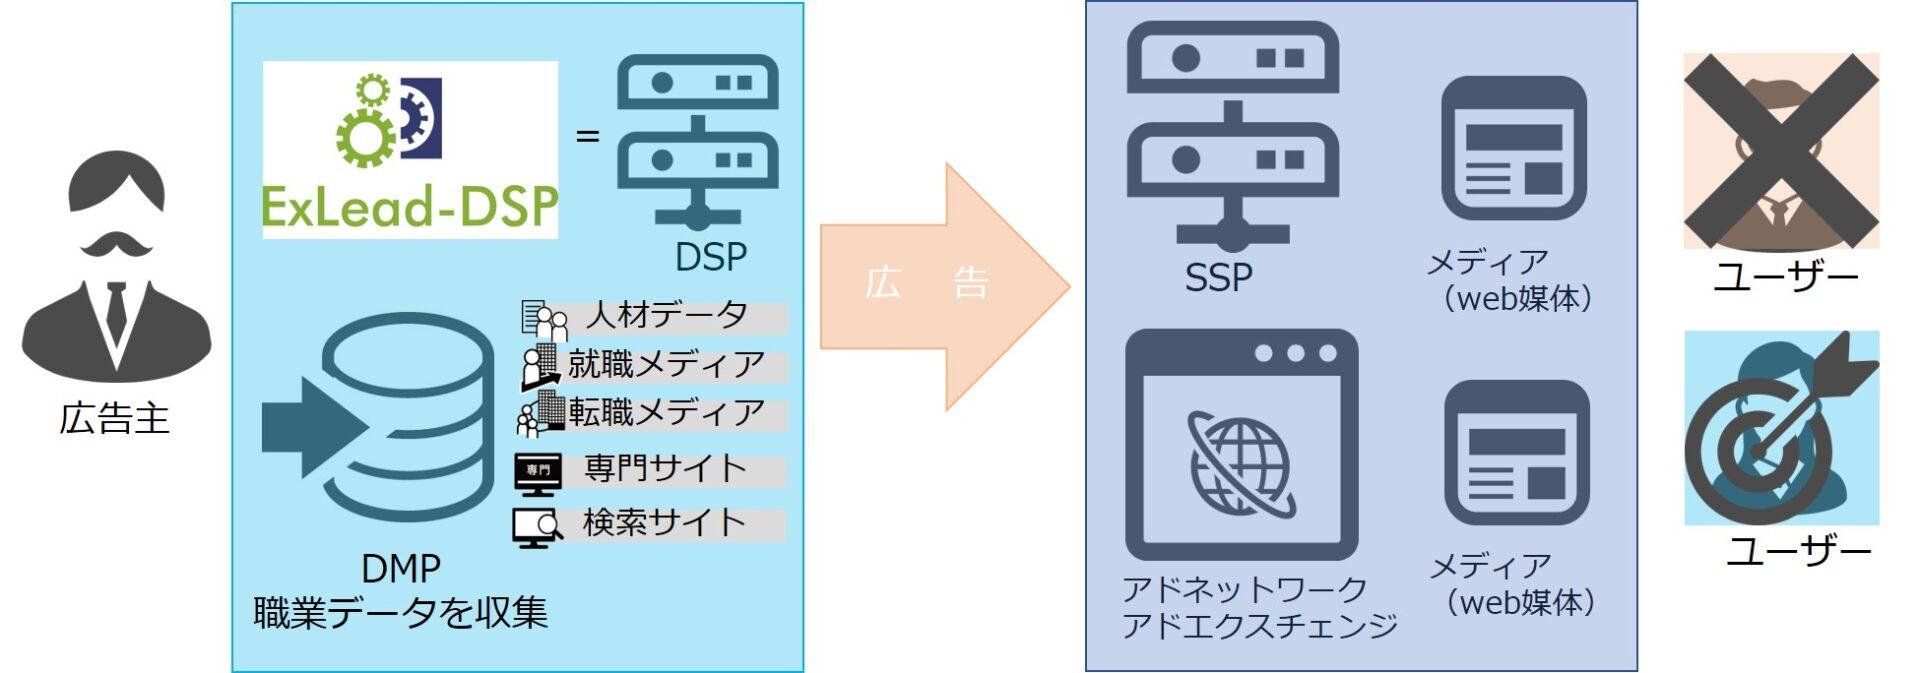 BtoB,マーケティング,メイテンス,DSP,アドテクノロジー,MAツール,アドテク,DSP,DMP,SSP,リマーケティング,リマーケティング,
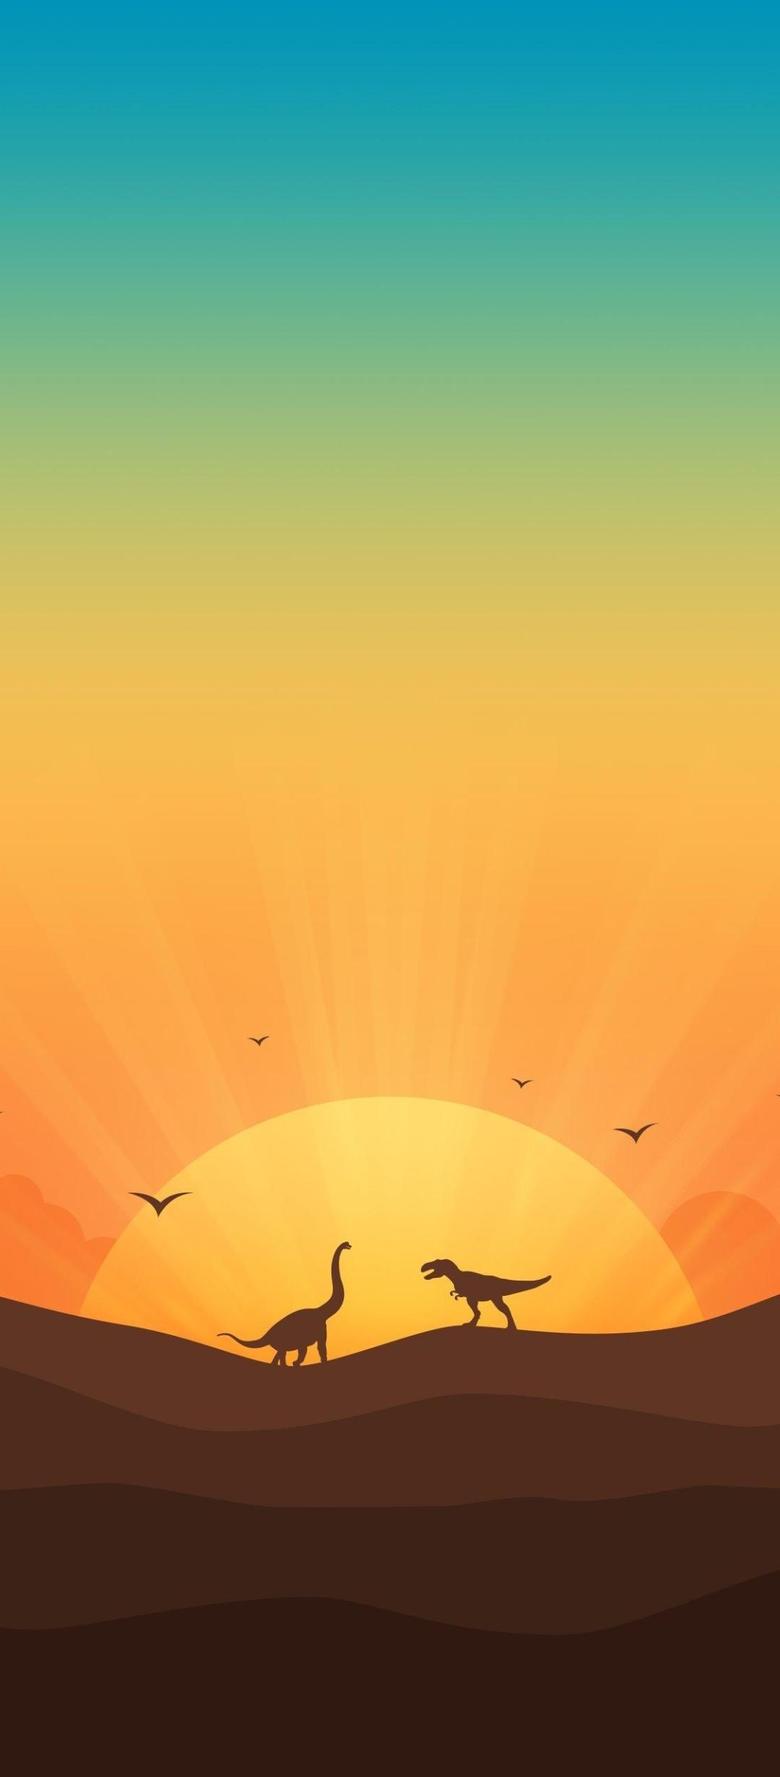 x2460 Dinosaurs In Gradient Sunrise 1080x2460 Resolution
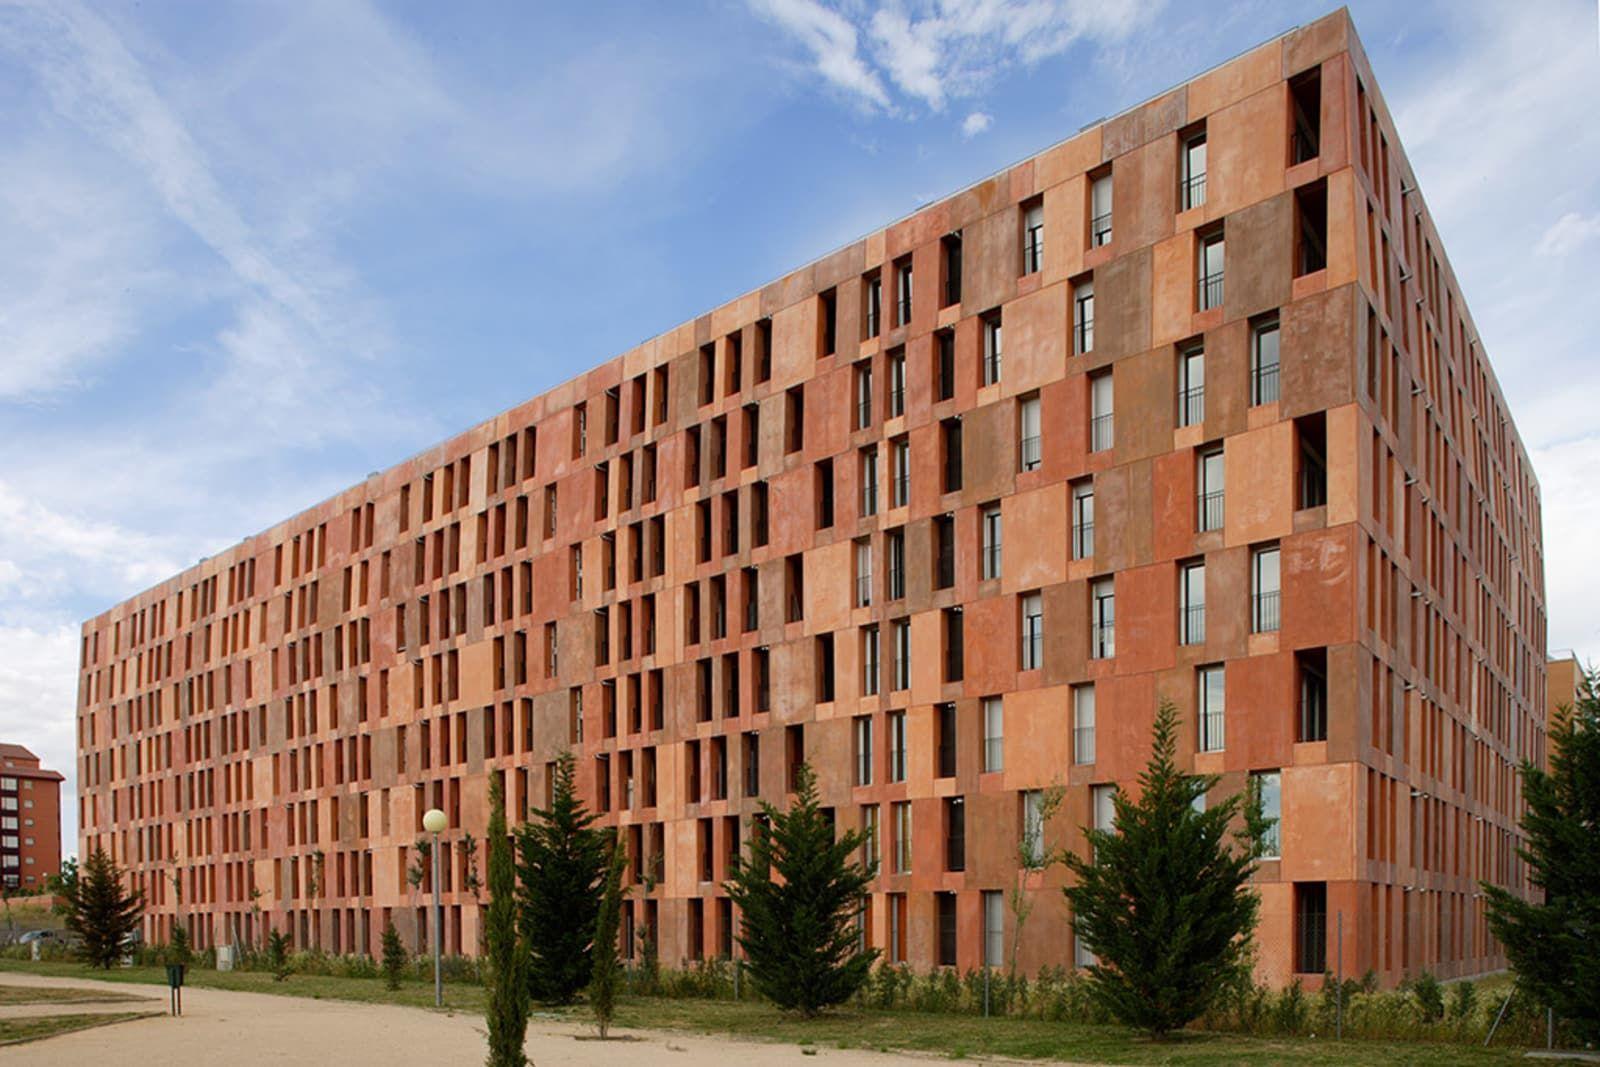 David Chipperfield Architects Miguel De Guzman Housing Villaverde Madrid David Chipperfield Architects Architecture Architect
◇ ◇ ◇
The listing above should be repeated word for word, with every image left out.

**TASK ANSWER**
 BtoB,マーケティング,メイテンス,DSP,アドテクノロジー,MAツール,アドテク,DSP,DMP,SSP,リマーケティング,リマーケティング,
 x2460 Dinosaurs In Gradient Sunrise 1080x2460 Resolution
 David Chipperfield Architects Miguel De Guzman Housing Villaverde Madrid David Chipperfield Architects Architecture Architect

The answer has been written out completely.